Düben composed a few works in the North German style prevalent in his time, including both vocal and instrumental music. He also composed the hymn "Jesus är min vän den bäste".

However, these do not constitute the most important aspect of his contribution to music. From the 1640s, Düben begun compiling a manuscript collection of compositions from his time, some of which he had acquired from his travels in foreign lands. Named after him as the Düben collection, of which he was the main creator and/or collector, it is one of the most important sources for music of the 17th century, notably being the only surviving copy of many works by Dieterich Buxtehude.

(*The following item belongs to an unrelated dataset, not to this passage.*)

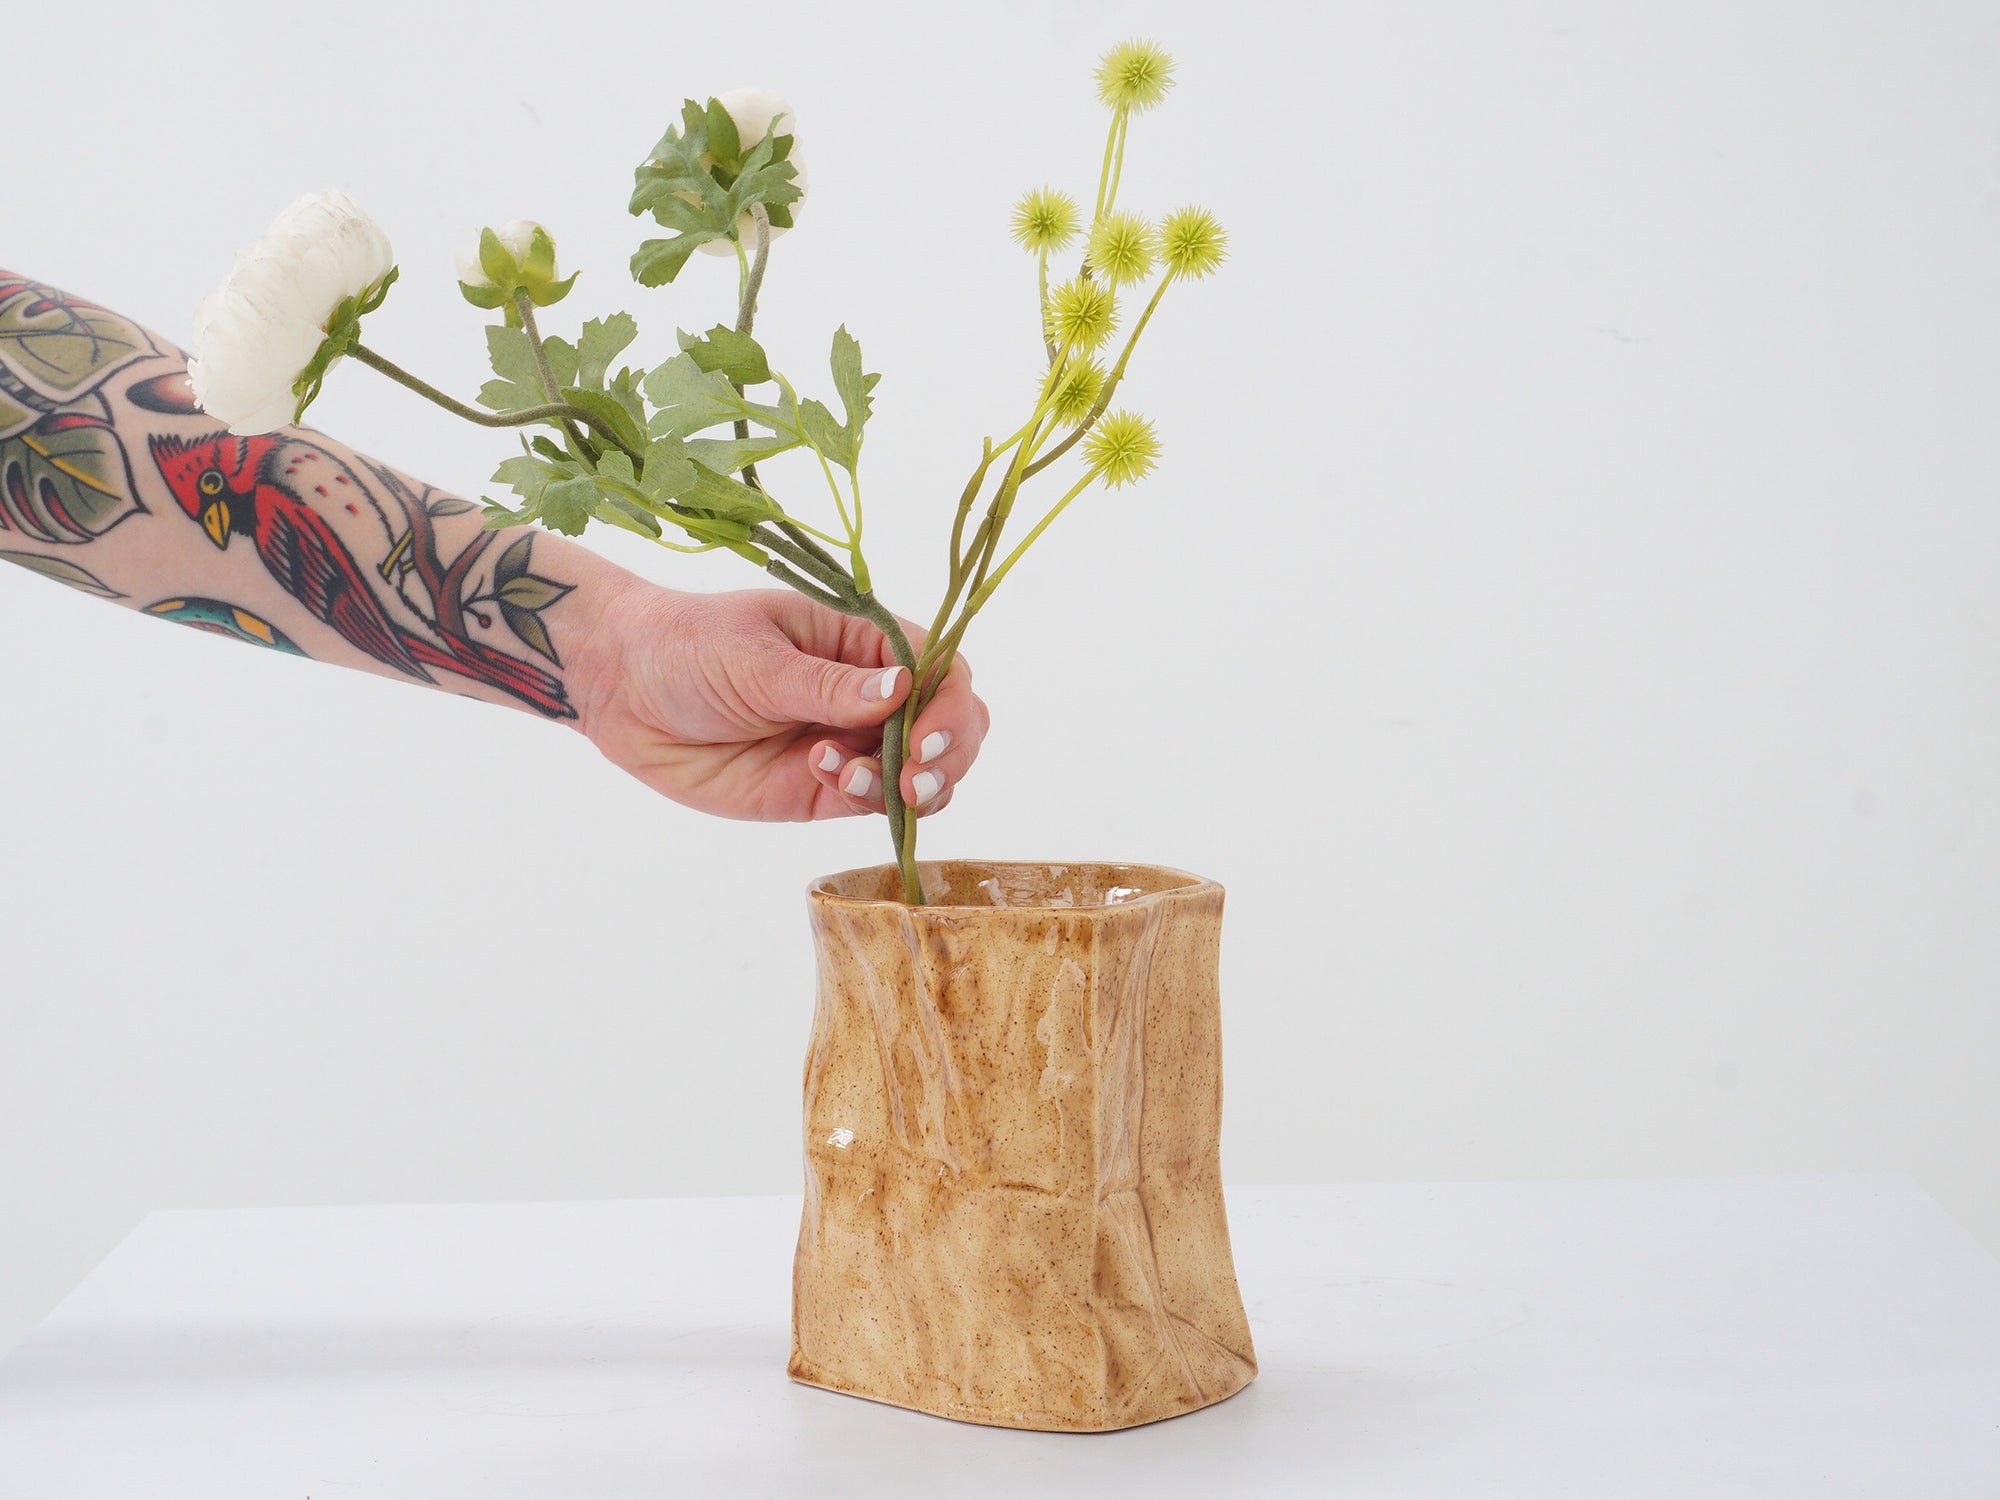 Ceramic paper bag vase with hand and flowers reaching in from left
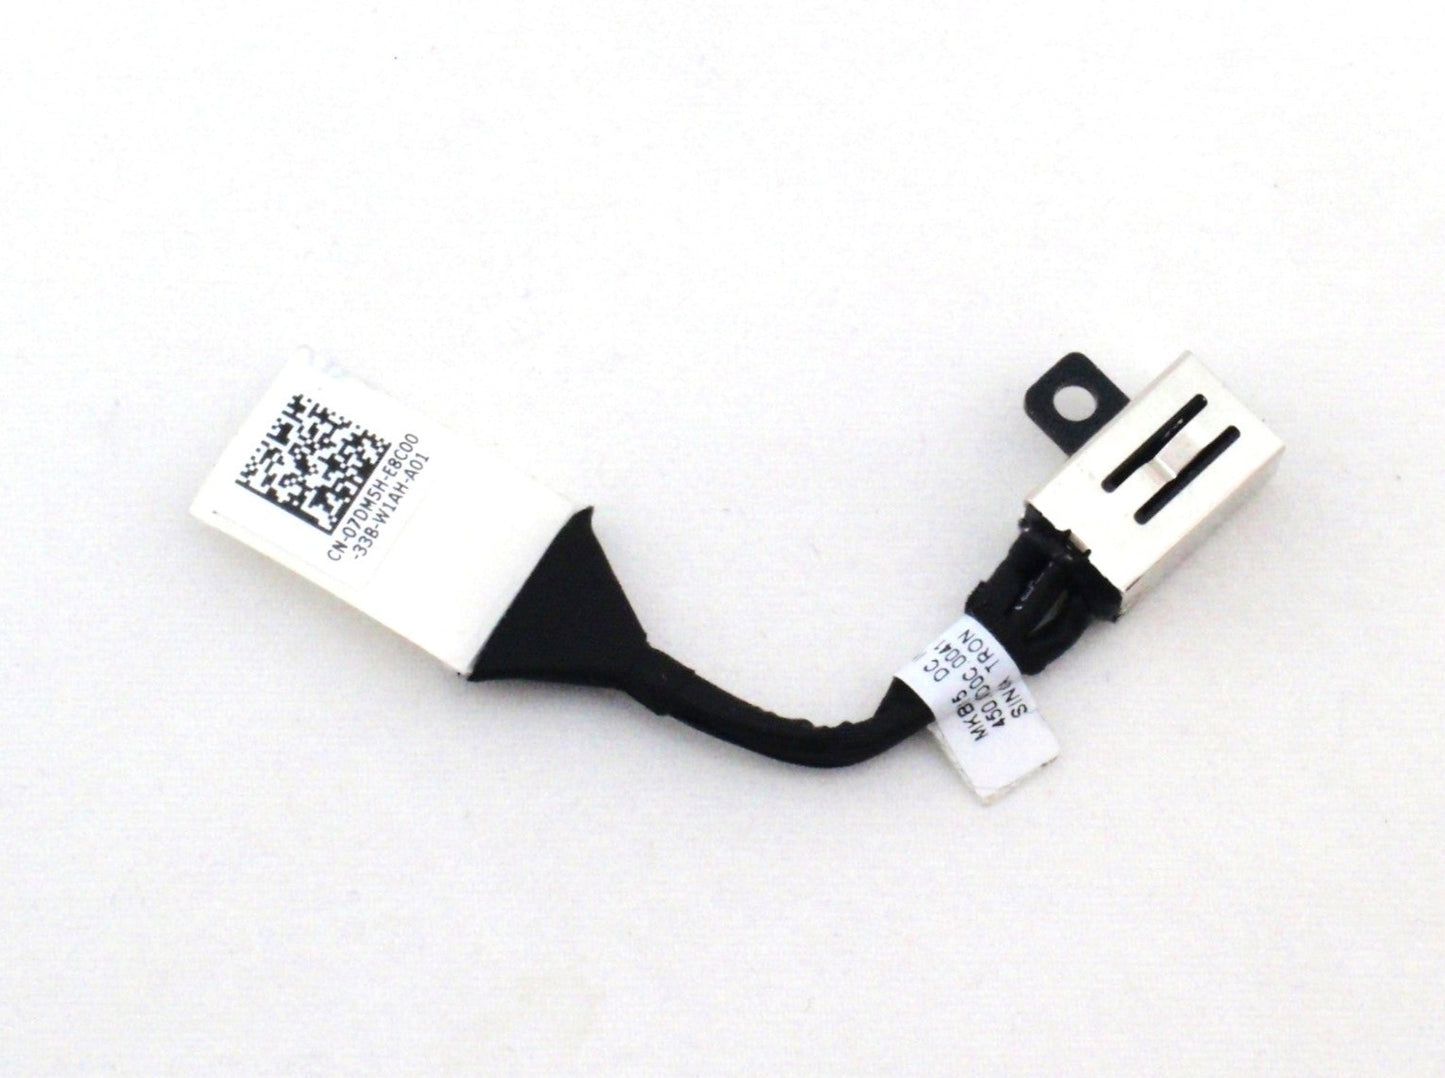 Dell New DC In Power Jack Charging Port Connector Cable 07DM5H Latitude 3410 3510 450.0KD0C.0001 .0011 .0041 7DM5H

Membra Jesu Nostri, BuxWV 75, a cycle of seven cantatas, were dedicated to Gustaf Düben.

== Personal life ==
In 1654, Düben married Emerentia Standaert (d. 1679), the daughter of rich Dutch merchant, Niclas Standaert (d. 1655) and his wife, Ursula de Neef (d. 1683) from Leiden. They had at least nine children together, including Gustaf (1660–1726); Emerentia, also called Menza, (1669–1743); Joachim (1671–1730); and Anders (1673–1738).

Gustaf Düben is the progenitor of all branches of the Düben family, including the now-dissolved branch which originated with Gustaf von Düben the Younger (1659–1726) (No. 135). This is a different noble branch from the one that still survives (No. 139), which is also officially introduced (or registered/listed) at the House of Nobility in Stockholm.

Düben died in 1690, and was buried on February 1, 1691 at Saint James's Church, Stockholm.